- Born: Roy Alton Young March 1, 1921 McAlister, New Mexico
- Died: April 19, 2013 (aged 92)
- Education: New Mexico State University, Iowa State University
- Occupations: scholar, academic administrator
- Years active: 1948–1986
- Employer(s): Oregon State University, University of Nebraska–Lincoln, Cornell University

= Roy Young (educator) =

American male scholar and university administrator

Roy Alton Young (March 1, 1921 – April 19, 2013) was an American scholar and academic administrator who served as chancellor of the University of Nebraska–Lincoln from 1976 to 1980 and as acting president of Oregon State University from 1969 to 1970.

==Biography==
===Education===
Young was born on March 1, 1921, in McAlister, New Mexico. He attended the New Mexico State University and received a bachelor's degree in Biology in 1936 and an M.S. degree in 1942 and a doctorate in 1948, both in Plant Pathology from Iowa State University.

===Career===
From 1942 to 1946, he was a lieutenant in the U.S. Navy, serving as a deck officer, navigator, antisubmarine warfare officer, and executive officer in the Atlantic and Pacific areas of operation.
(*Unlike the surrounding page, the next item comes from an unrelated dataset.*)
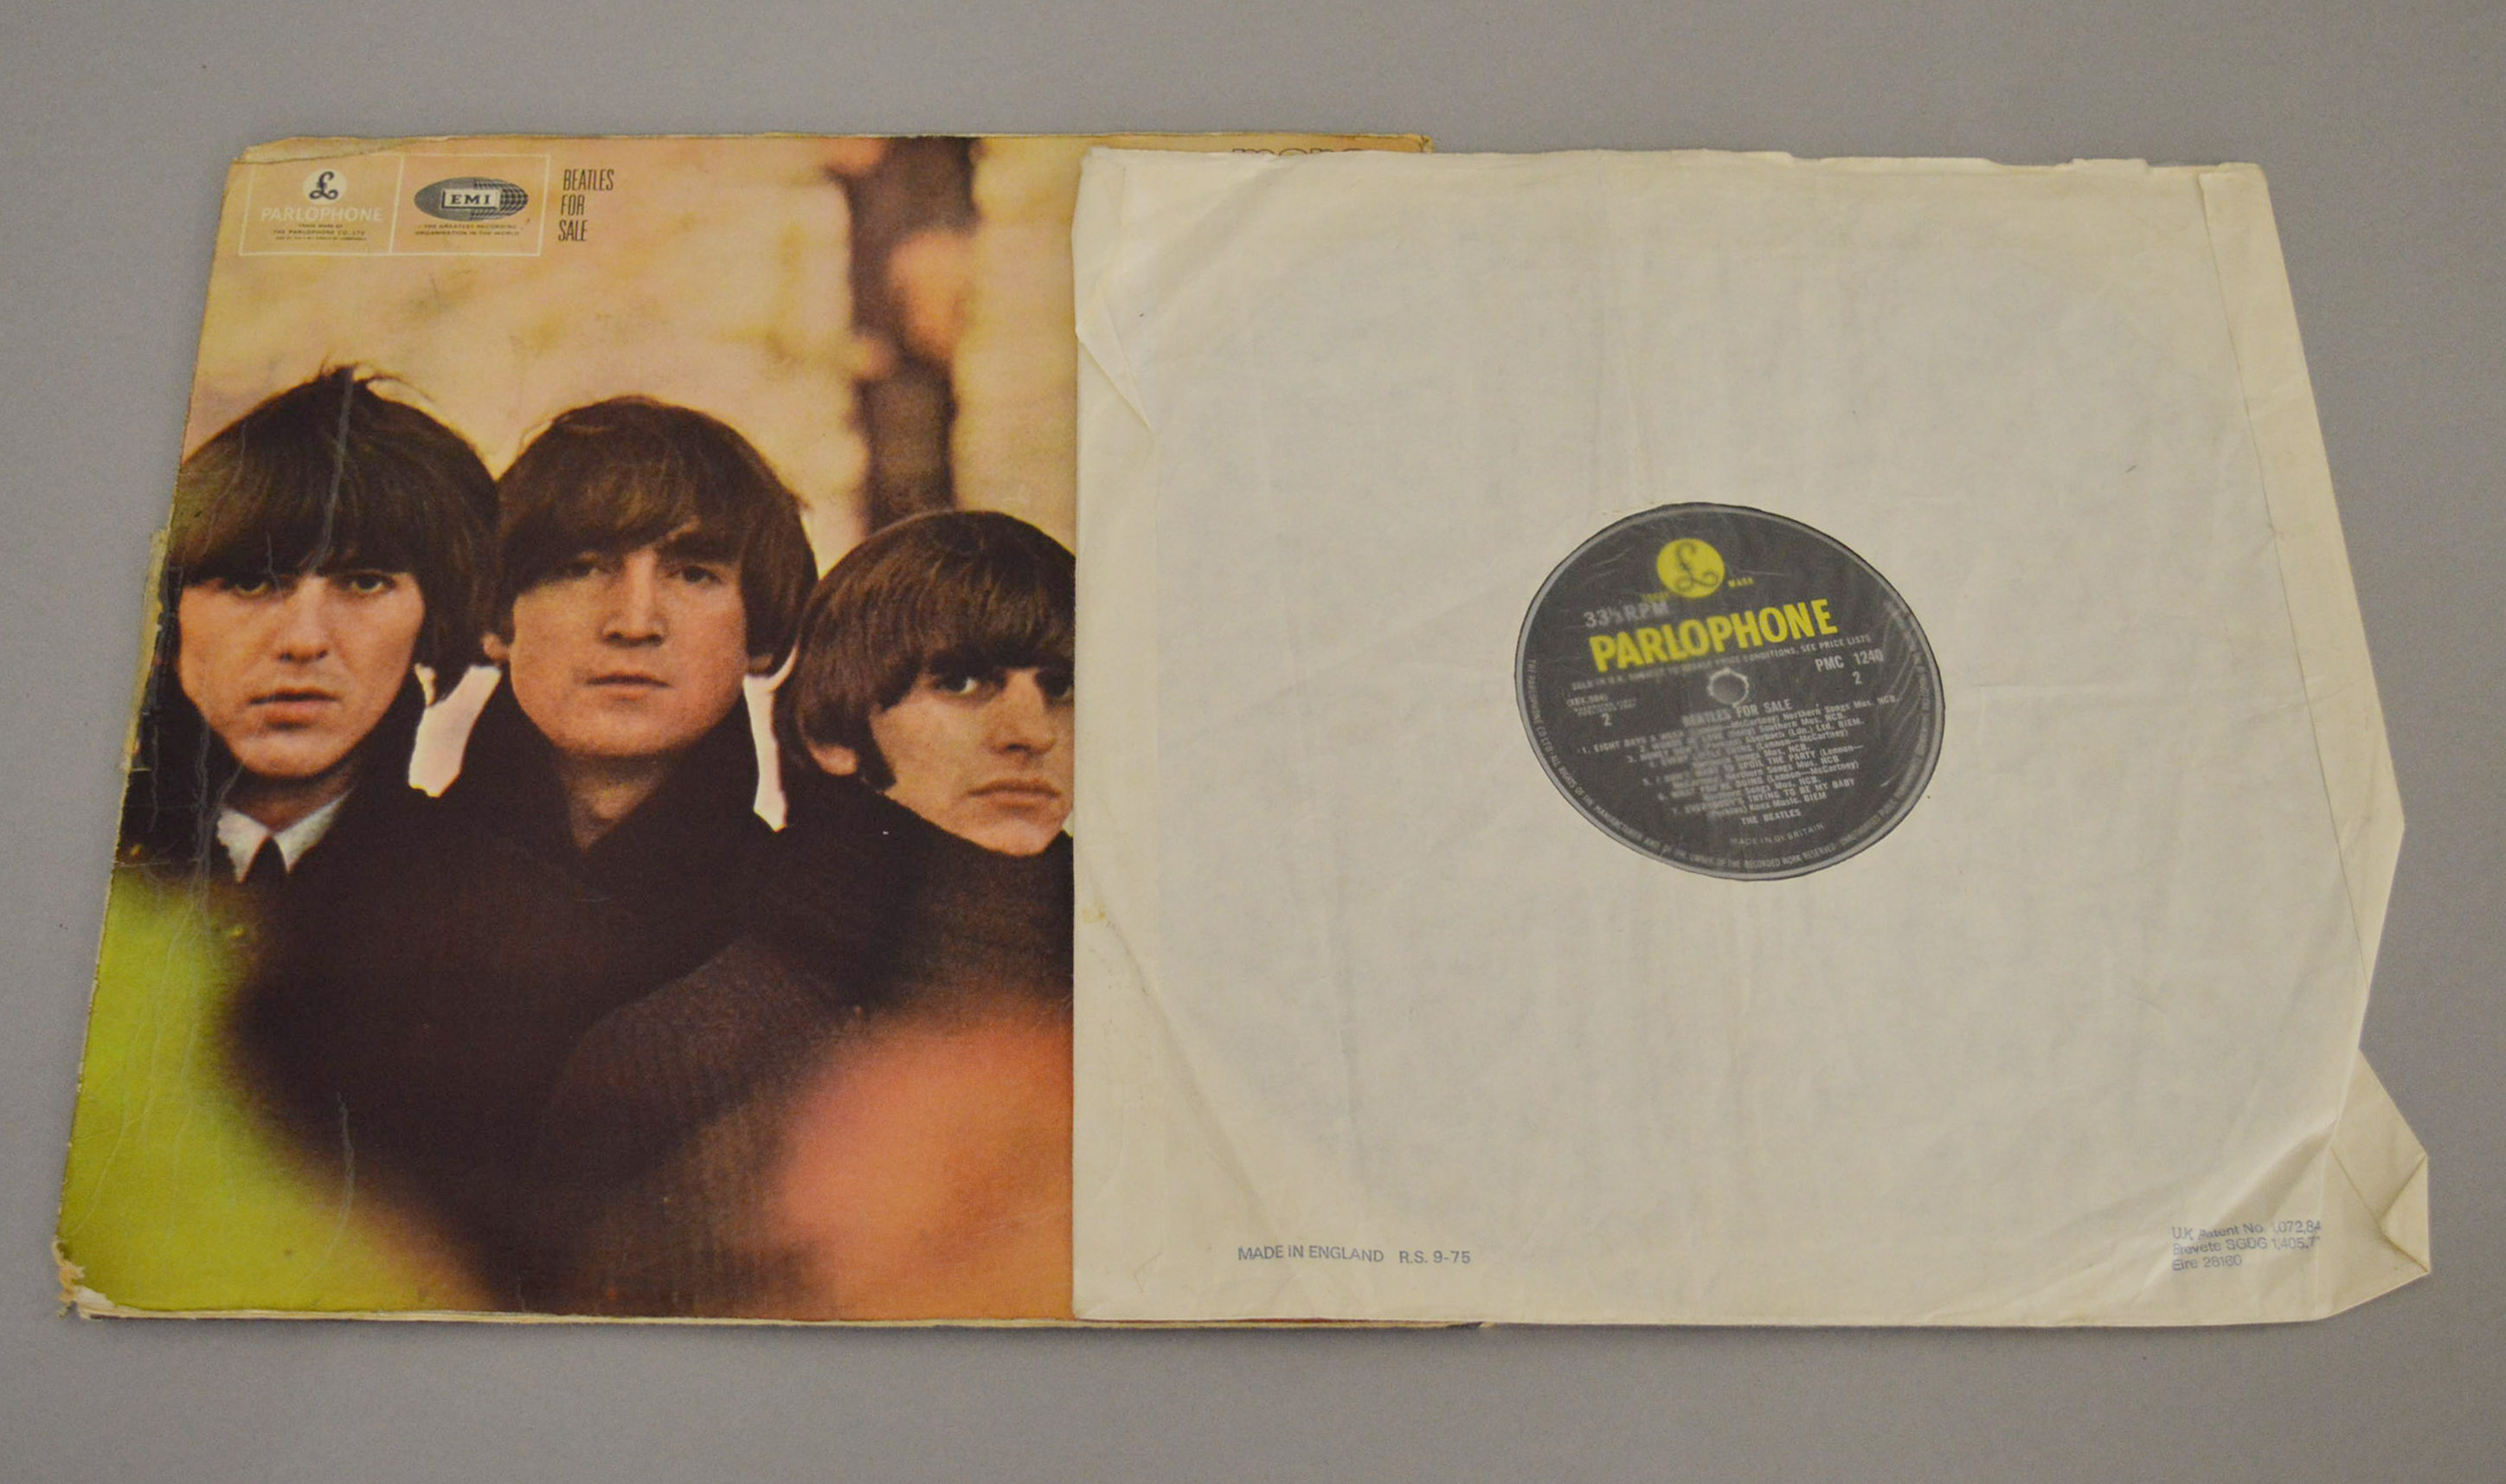 Two The Beatles LP records: "Beatles for Sale" mono PMC1240 and "Revolver"mono PMC7009 printed by - Image 4 of 9

From 1946 to 1954, he served in the United States Navy Reserve and was promoted to the rank of lieutenant commander.

He was a faculty member and administrator at Oregon State University from 1948 to 1976. He served as a faculty member and chancellor of the University of Nebraska–Lincoln from 1976 to 1980. He was president and managing director of the prestigious Boyce Thompson Institute for Plant Research of Cornell University from 1980 to 1986.